I know some of the members here personally and have played with a few of you who I know have been in that ZONE many times.
I would enjoy hearing from some of you who have personally experienced being in that ZONE, and how it felt to you while you were in it. If you wouldn't mind, in your own words, share how it felt to you.
I was living in San Francisco, my home town, in the late 70’s, graduating from college by the thinnest of margins (having majored in pool), and killing time waiting for the USAF to finally put me on active duty. I’d been commission a 2nd Lieutenant, but there were so many guys in the pipeline they told me to get lost for a couple of years until the backlog cleared and I could come on active duty.

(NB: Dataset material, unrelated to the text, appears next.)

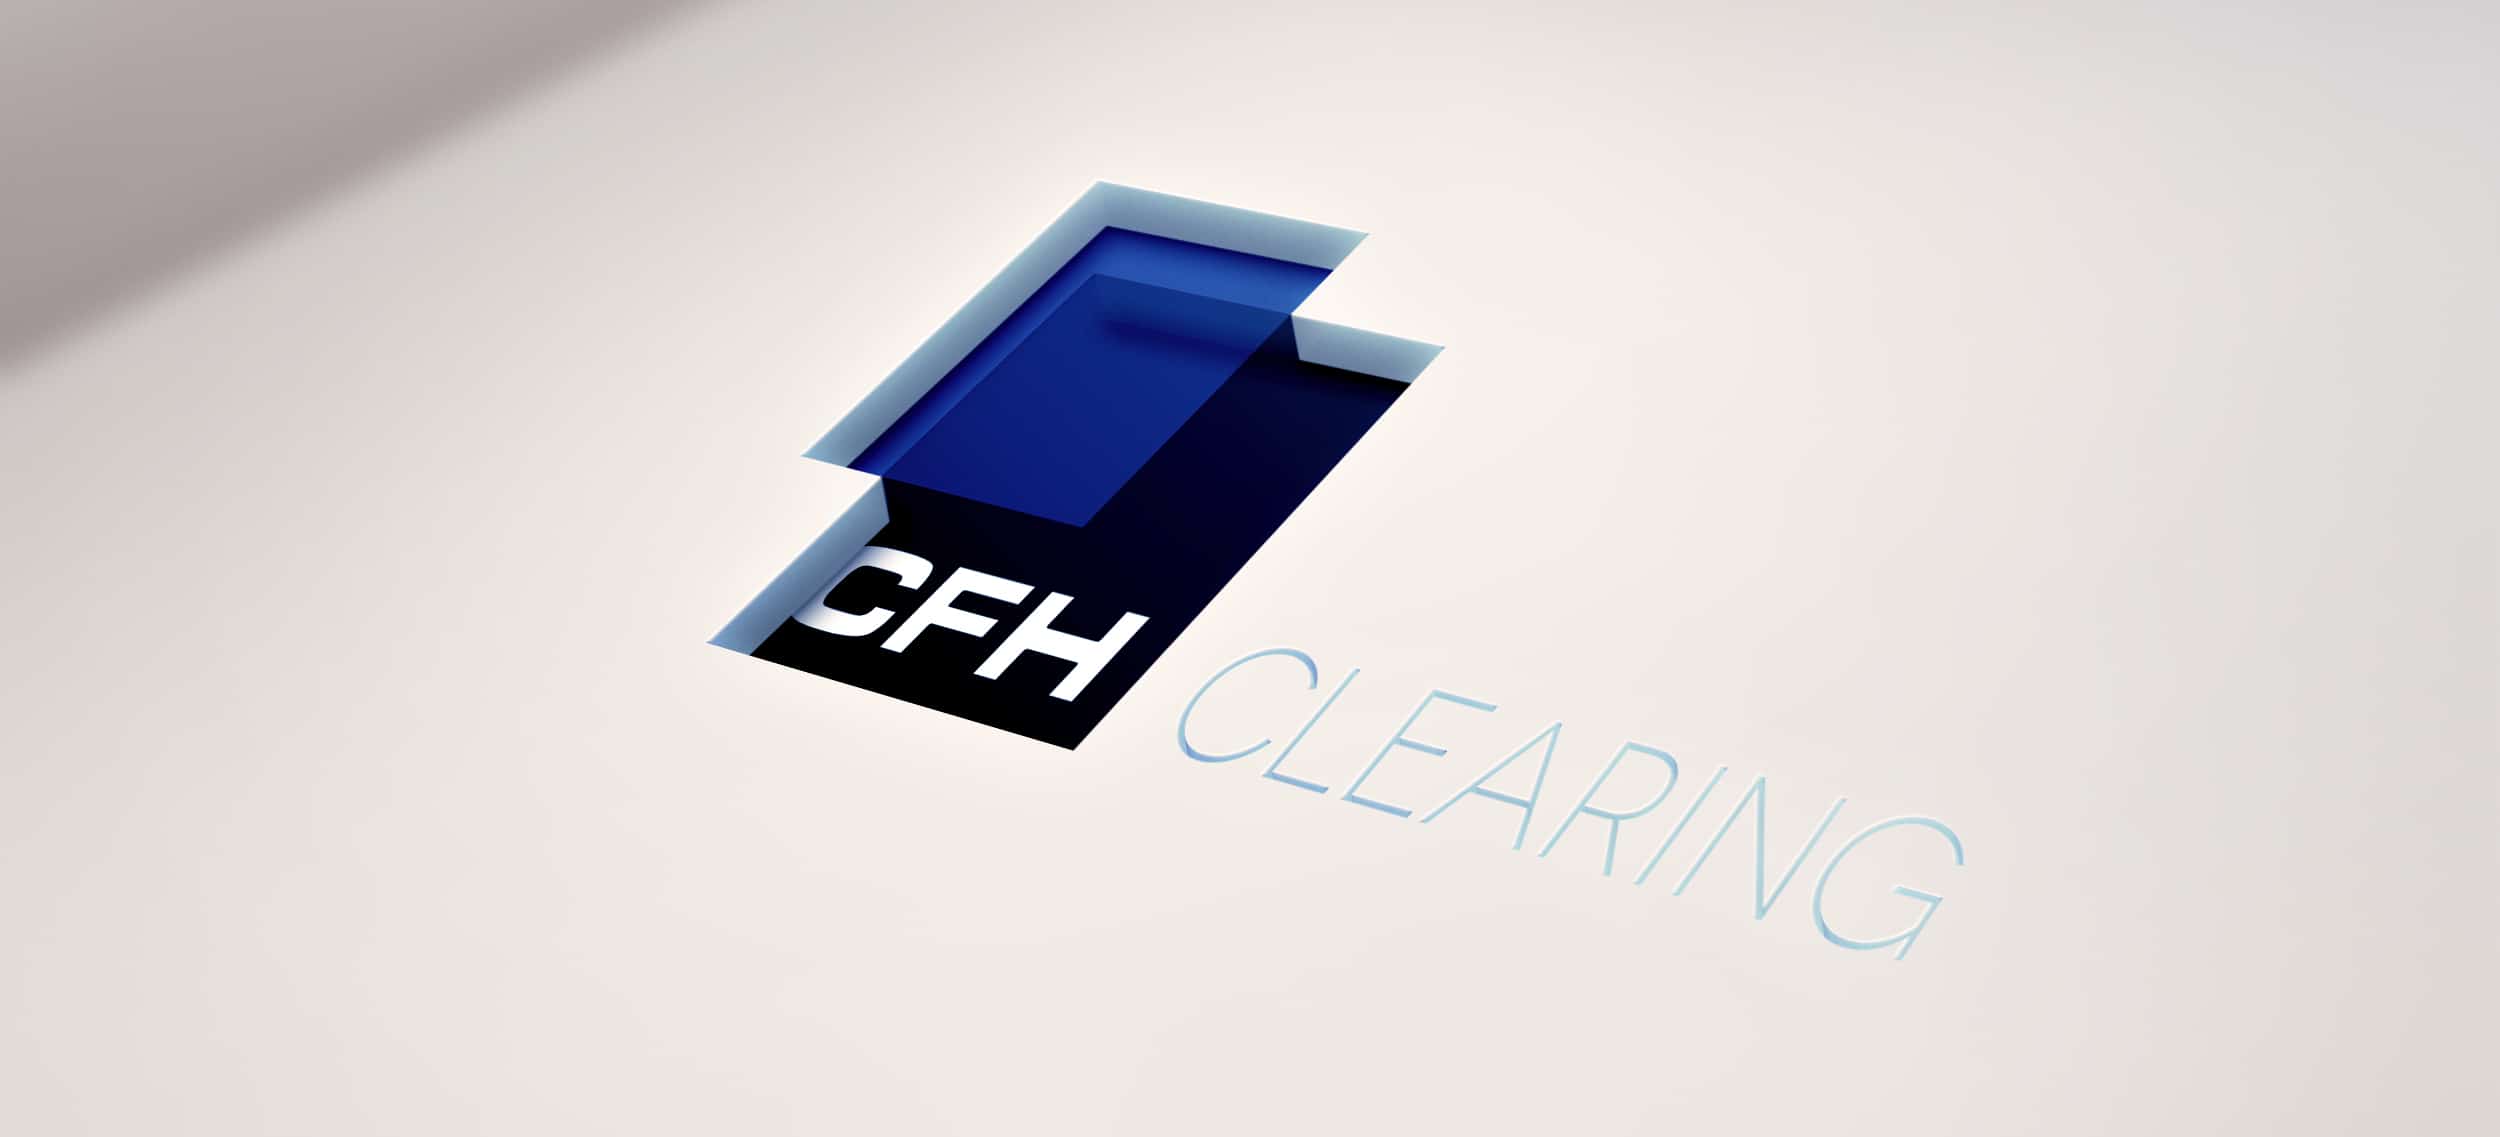 CFH Clearing Refreshes Institutional Team, Adds James Dewdney as Sales Manager

So, I was working the swing shift at Wells Fargo headquarters in downtown SF and playing a lot of pool when all of us at the pool hall started to notice the sporadic appearances of these funny looking pool cues everywhere. They all had a lot of plastic inlays and skinny shafts. BUT the thing that really got us all salivating were the countless reports of how much spin you could get on the ball with a Meucci. (Pool room scholars of the time would spend endless hours in Talmudic-like debates about the proper pronunciation. “It’s ‘May-oo-chee;’” “No, ‘Mew-chee;’” “”I think it’s ‘Moo-key.’” And so it went. Regardless, we all recognized that no matter what you called them, these pool cues really spun the rock in a way no other pool cue of the era could.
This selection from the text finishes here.